BUENA VISTA SOCIAL CLUB

Two hours and 10 minutes, with one intermission. At the Gerald Schoenfeld Theatre, 236 W 45th St.

“Buena Vista Social Club,” the new musical that opened Wednesday night at the Gerald Schoenfeld Theatre, is practically a jumbo jet to Havana.

So transportive are the intoxicating Cuban music and spirited dance that it’s easy to forgive the show’s rather wispy and cliched book. The lush sights and sounds more than make up for all the burdensome exposition and Broadway-style one-liners.

Named after and featuring songs from the popular 1997 album, “Buena Vista Social Club” hops back and forth through time — from the days leading up to the 1959 Cuban Revolution to the 1996 recording session at which the lost songs finally became immortalized.

We meet characters both in their optimistic youth, scraping by in nightclubs as they nurture dreams of becoming world-famous musicians, and almost 40 years later when some of them have succeeded and others are still busking for loose change on the sidewalk. No matter where they are in life, everybody longs for the long-gone Cuba they grew up in.

Director Saheem Ali, who elegantly weaves together both eras, and writer Marco Ramirez have centered their show around Omara Portuondo (Natalie Venetia Belcon, full of pathos and passion), the “¿Dónde Estabas Tú?” singer who’s being courted by the upcoming album’s producer. Now a star, she’s prickly and hard to convince. Confronting the past is painful for her. 

But skeptical Omara eventually dips her toes in and is emotionally reunited at the studio with her old pals from the shuttered Buena Vista Social Club: Compay Segundo (Julio Monge), Rubén González (Jainardo Batista Sterling) and other geniuses. 

After the Revolution, Fidel Castro closed down most of the clubs.

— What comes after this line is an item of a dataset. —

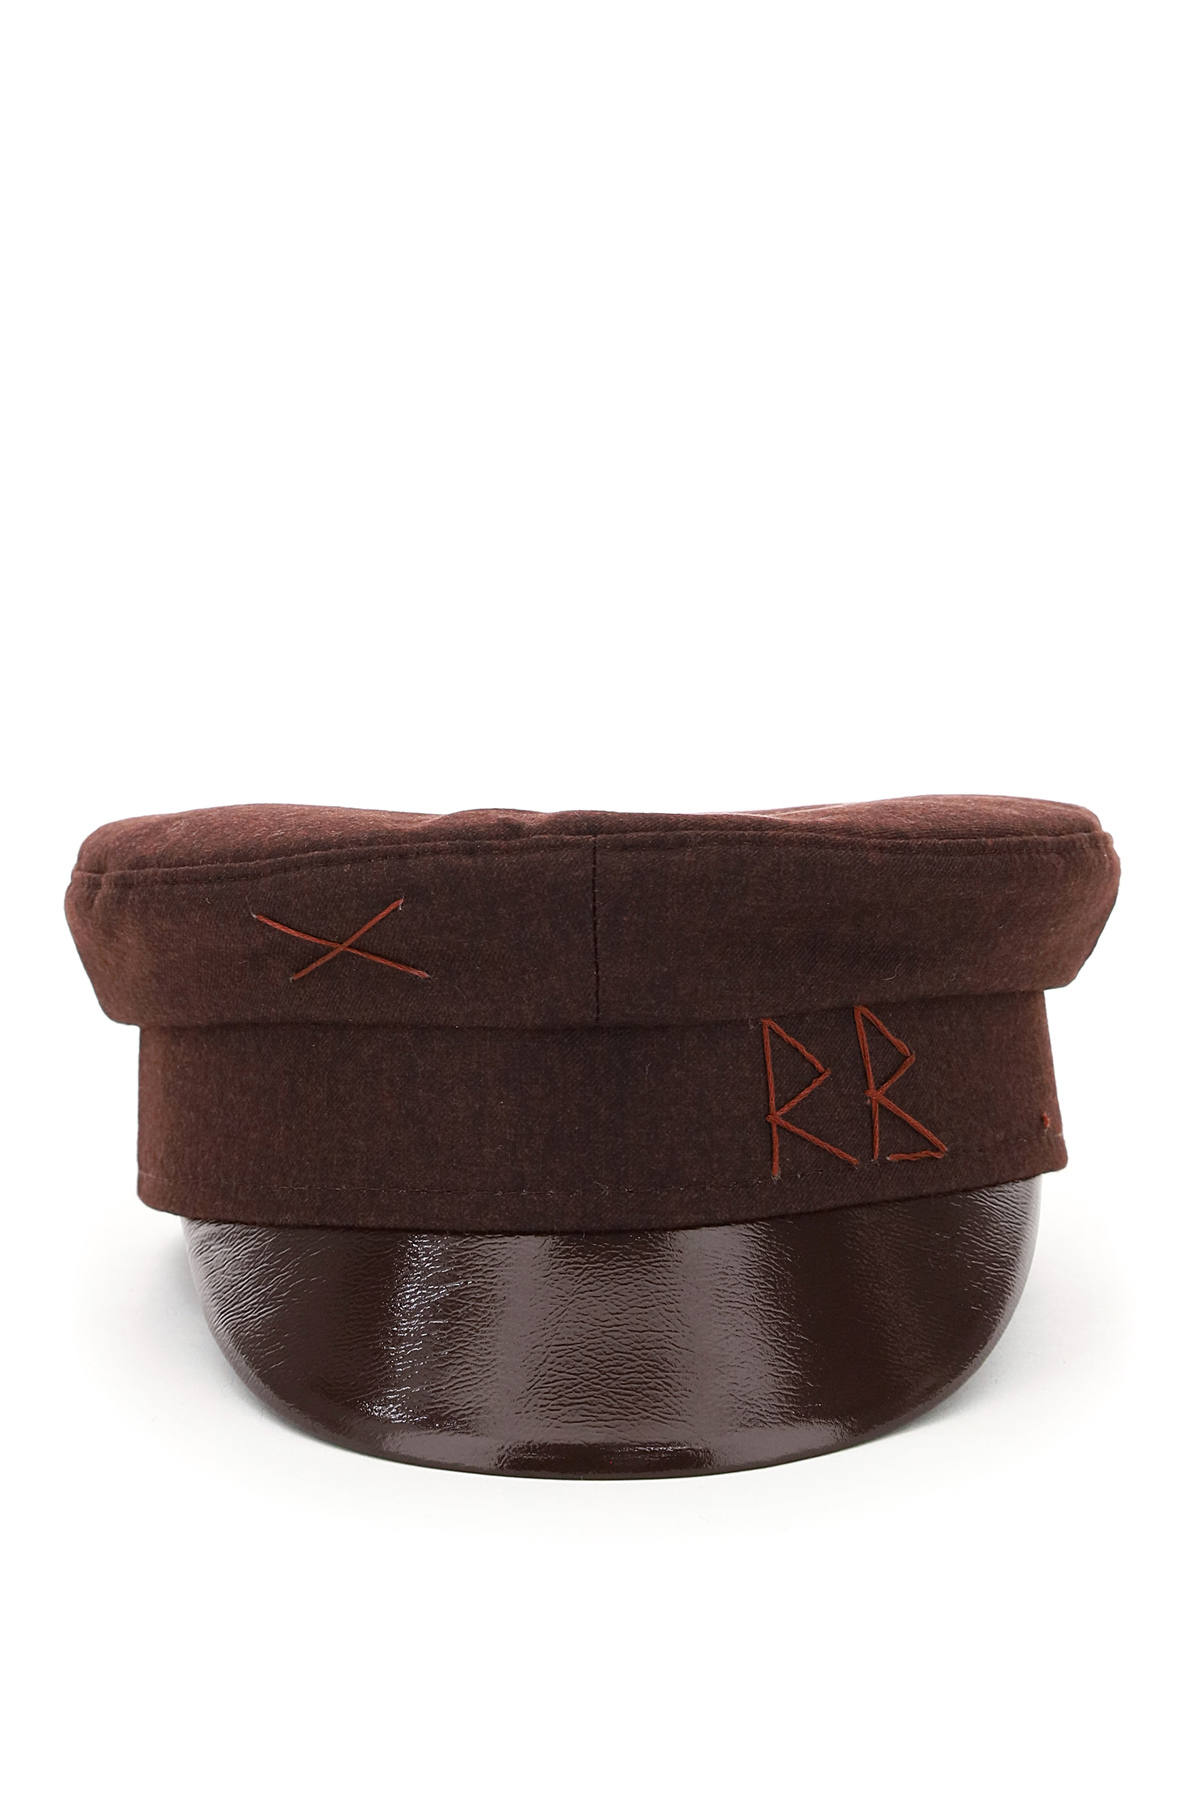 Ruslan baginskiy cappello baker boy ricamo rb

In flashbacks to a different world, Omara (Isa Antonetti) and her sister Haydee (Ashley De La Rosa) hustle to snare a recording contract, but their values in life and art begin to part ways. Young Compay (Da’von T. Moody) and Rubén (Leonardo Reyna) make a charming buddy act, and Reyna is a hell of a piano player.

There’s a barely-there love story, too, involving young Omara and Ibrahim Ferrer (Wesley Wray), a black performer who can’t escape background singing. Because details and development are scant, the audience never becomes especially invested in it. 

Really, though, the plot is just a means to more exceptional music. What gets our blood pumping is the fabulous onstage band that stirringly performs some 20 numbers, including “Chan Chan” and “Dos Gardenias.” 

The songs are accompanied by Patricia Delgado and Justin Peck’s vibrant, fluid, full-bodied choreography that’s so athletic and rubbery it makes you question if the dancers actually have bones.

I really felt whisked away — a feat many shows set in international locales fail to achieve. The crowd audibly inhales when the windows slowly open on Arnulfo Maldonado’s set to reveal a spectacular ocean. Obviously it’s not real. But at “Buena Vista Social Club,” for a couple hours, you’re lulled into believing you’re drinking a mojito in 90-degree heat.